I just found out that I passed the CBT for basic. Now I have to wait for my stuff to come in the mail before I can apply for my state certification for South Carolina.


----------



## VirginiaEMT (Jul 18, 2011)

wadford said:


> I just found out that I passed the CBT for basic. Now I have to wait for my stuff to come in the mail before I can apply for my state certification for South Carolina.




Congratulations!!!!


----------



## AMF (Jul 18, 2011)

wadford said:


> I just found out that I passed the CBT for basic. Now I have to wait for my stuff to come in the mail before I can apply for my state certification for South Carolina.

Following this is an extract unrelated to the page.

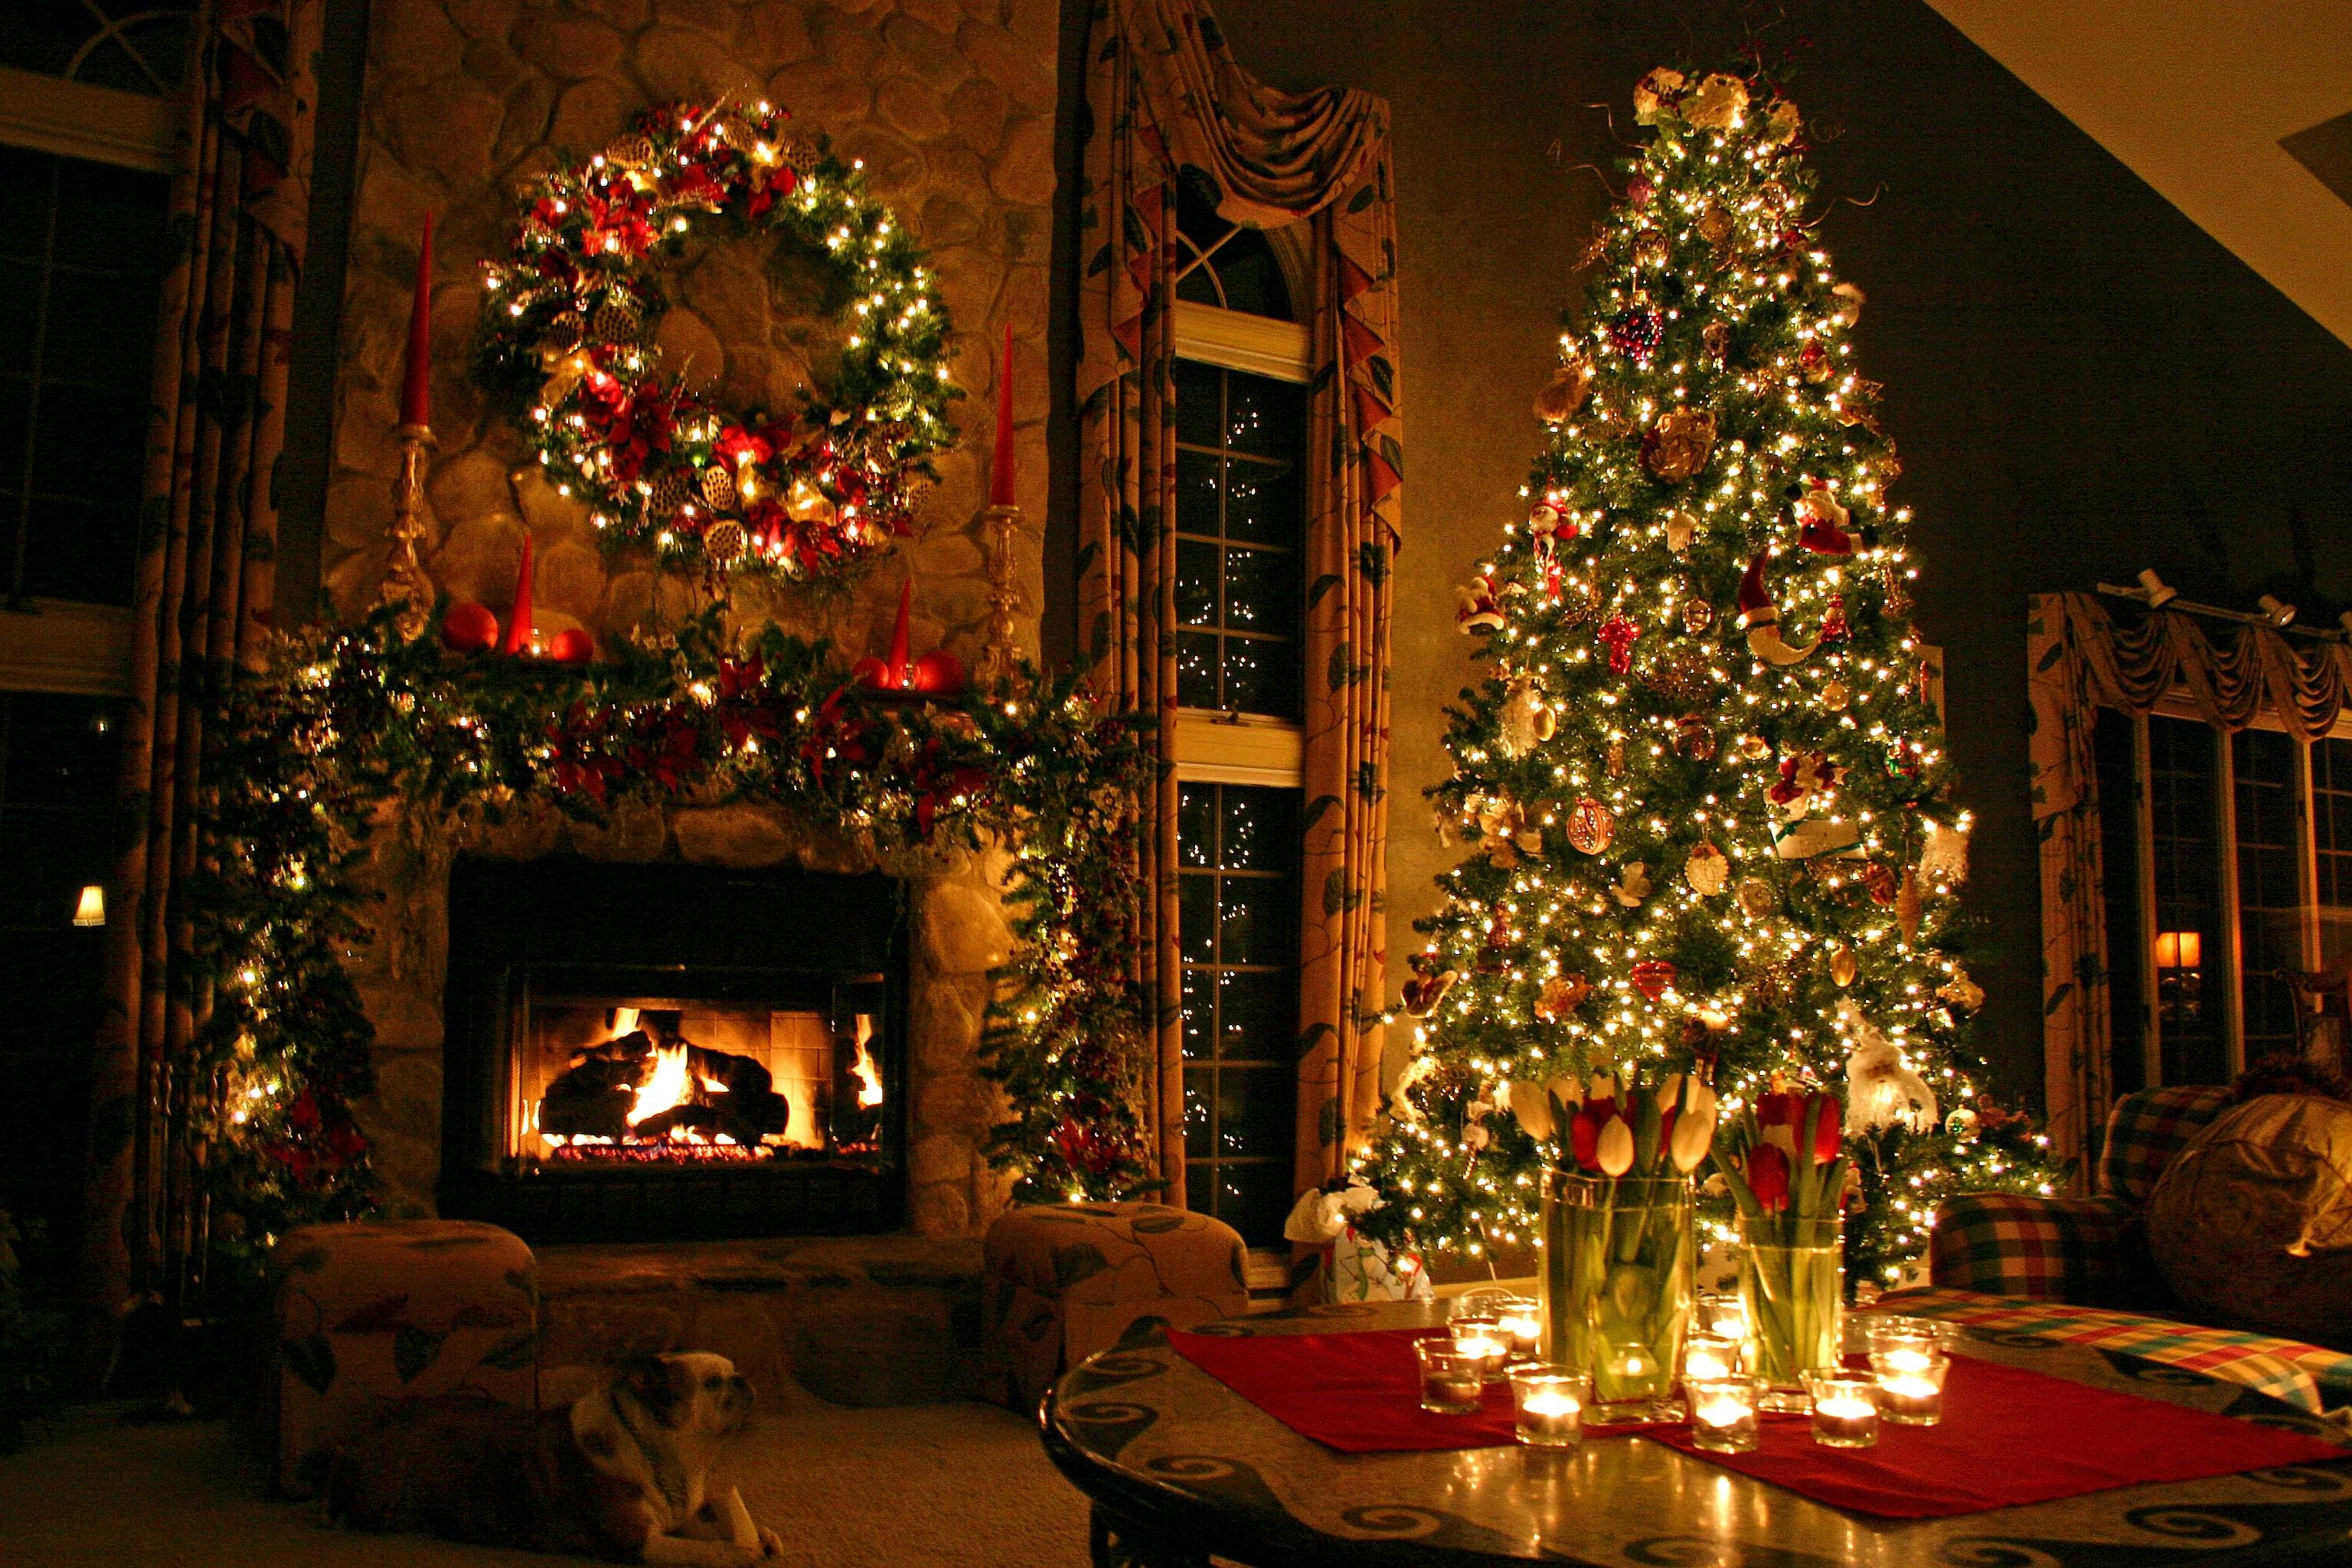 Christmas Lights Desktop Wallpaper 60 Pictures

nice!  any words of wisdom?


----------



## bigbaldguy (Jul 18, 2011)

Congrats


----------



## Melmd (Jul 18, 2011)

Nice work! It's job huntin' time soon!


----------



## wadford (Jul 19, 2011)

@ AMF, just take time to read the questions, answer them based on the information given. There were a few that had two right answers and I had to choose between them. Remember your ABC's (in class our instructor told us it wasn't abc it was aaabc, airway, airway, airway, breathing circulation)


----------



## kevin.shuck1 (Jul 21, 2011)

wadford said:


> I just found out that I passed the CBT for basic. Now I have to wait for my stuff to come in the mail before I can apply for my state certification for South Carolina.



How did you know you passed? I took mine and under results it just says "congratulations on successfully completing the cognitive exam.".. Does that mean I passed?


----------



## wadford (Jul 21, 2011)

That's pretty much what it said when my results were posted - Examination Scored - Congratulations on successfully passing blah blah blah. Then three days later I got my certificate, card and patch in the mail.


----------



## kevin.shuck1 (Jul 21, 2011)

wadford said:


> That's pretty much what it said when my results were posted - Examination Scored - Congratulations on successfully passing blah blah blah. Then three days later I got my certificate, card and patch in the mail.



Did it say Passed though? mine doesn't say it anywhere..


----------



## hatsuo (Aug 2, 2011)

Congrats!!!! I just got my results in and I passed as well first try!!!! It's says I will get my stuff in three days then have to fax it over to state. I am in Texas.


----------



## SeanEddy (Aug 2, 2011)

kevin.shuck1 said:


> How did you know you passed? I took mine and under results it just says "congratulations on successfully completing the cognitive exam.".. Does that mean I passed?



That's exactly what mine said. That means you passed.

Sent from my DROIDX using Tapatalk


----------